Given there are two psychological concepts A and B that are considered to be independent/orthogonal.

Would the following empirical results proof the opposite? If not why?

In the first experiment A is the independent variable with two conditions: high and low A. B is identically induced in both conditions and measured as the dependent variable. In the high A condition high B is measured. In the low A condition low B is measured.

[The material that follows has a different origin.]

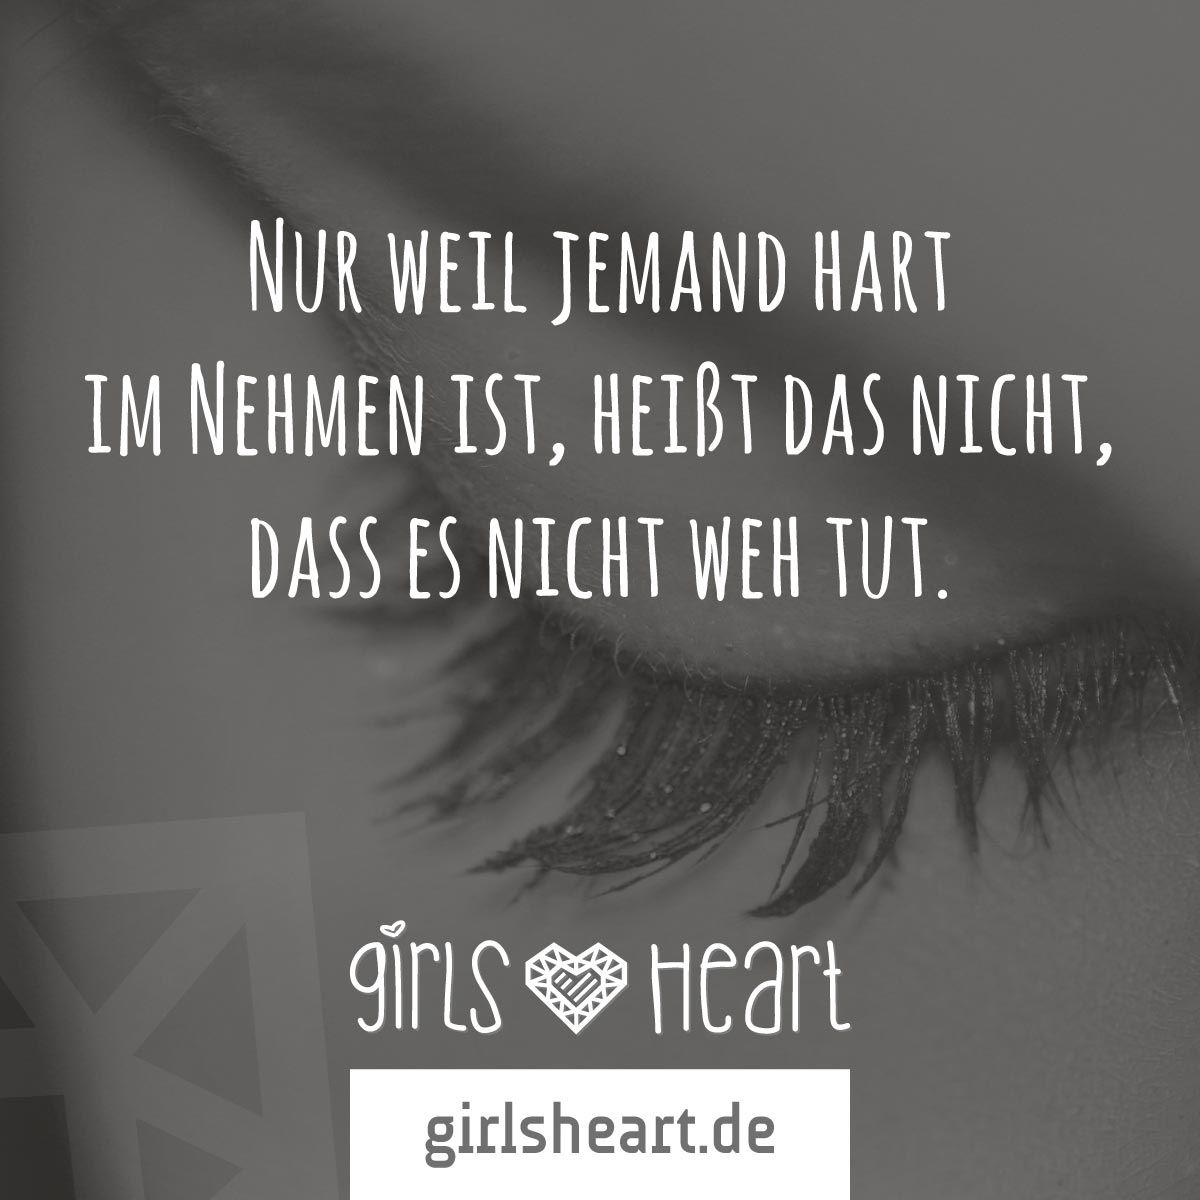 sprüche enttäuschung wut Mehr Sprüche auf: .girlsheart.de #trauer #ärger #wut  sprüche enttäuschung wut
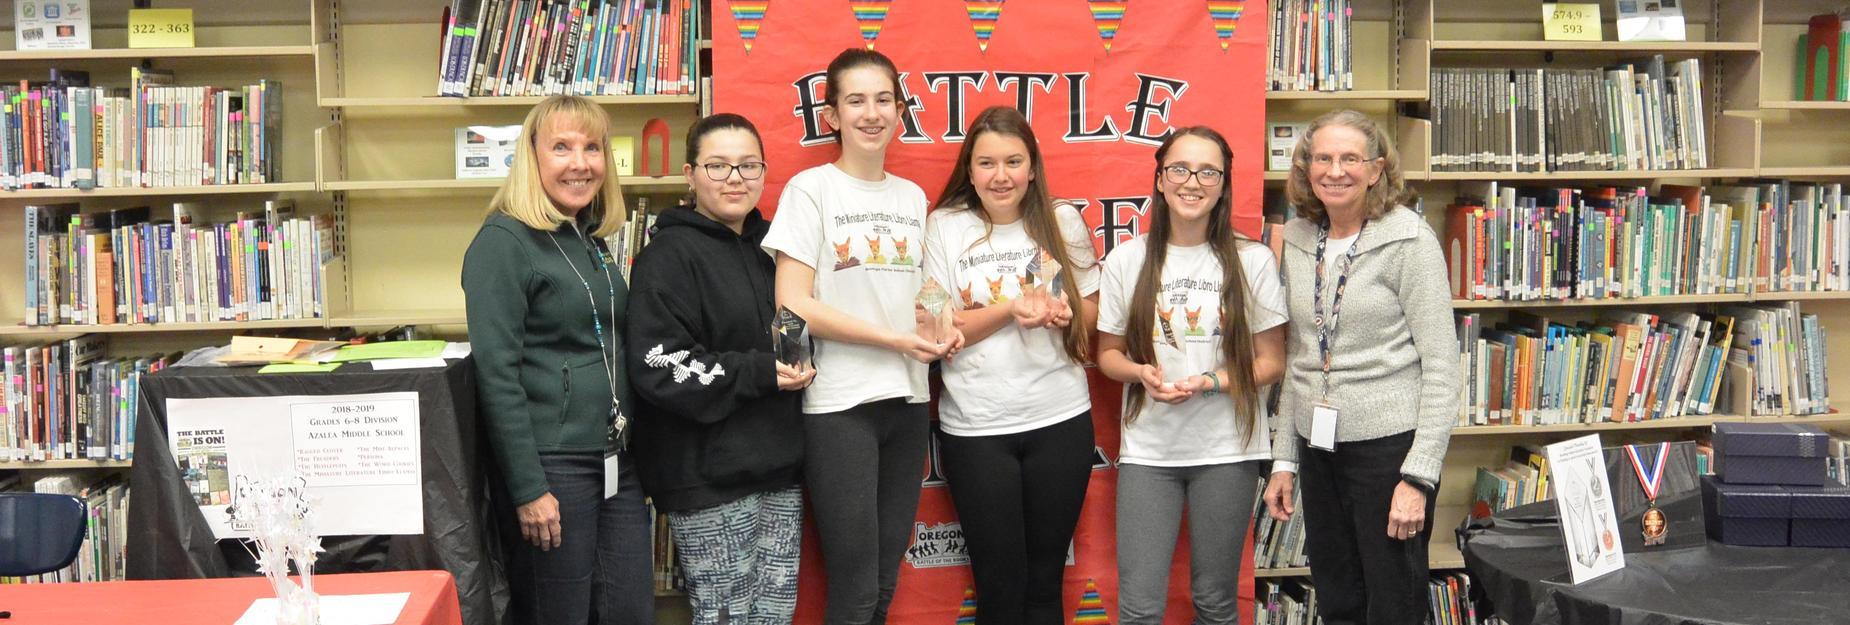 AMS Miniature Literature Libro Llamas headed to 'State'

The second experiment is analog to the first one, except with A and B reversed: in the high B condition high A is measured, and in the low B condition low A is measured.

References to papers that use similiar arguments would be very helpful.

  • $\begingroup$ This might be more suitable on statistics SE? I see no direct necessary relation to this site. $\endgroup$
    – Steven Jeuris
    Sep 24, 2018 at 11:17
  • $\begingroup$ The questions is about the interpretation of such empirical results in the context of cognitive science research. $\endgroup$
    – thando
    Sep 24, 2018 at 14:20

1 Answer 1


Since the data show a two-way dependence (low A -> low B, hi A -> hi B and the reverse) this would prove the variables are not independent, as

Linearly independent, orthogonal, and uncorrelated are three terms used to indicate lack of relationship between variables.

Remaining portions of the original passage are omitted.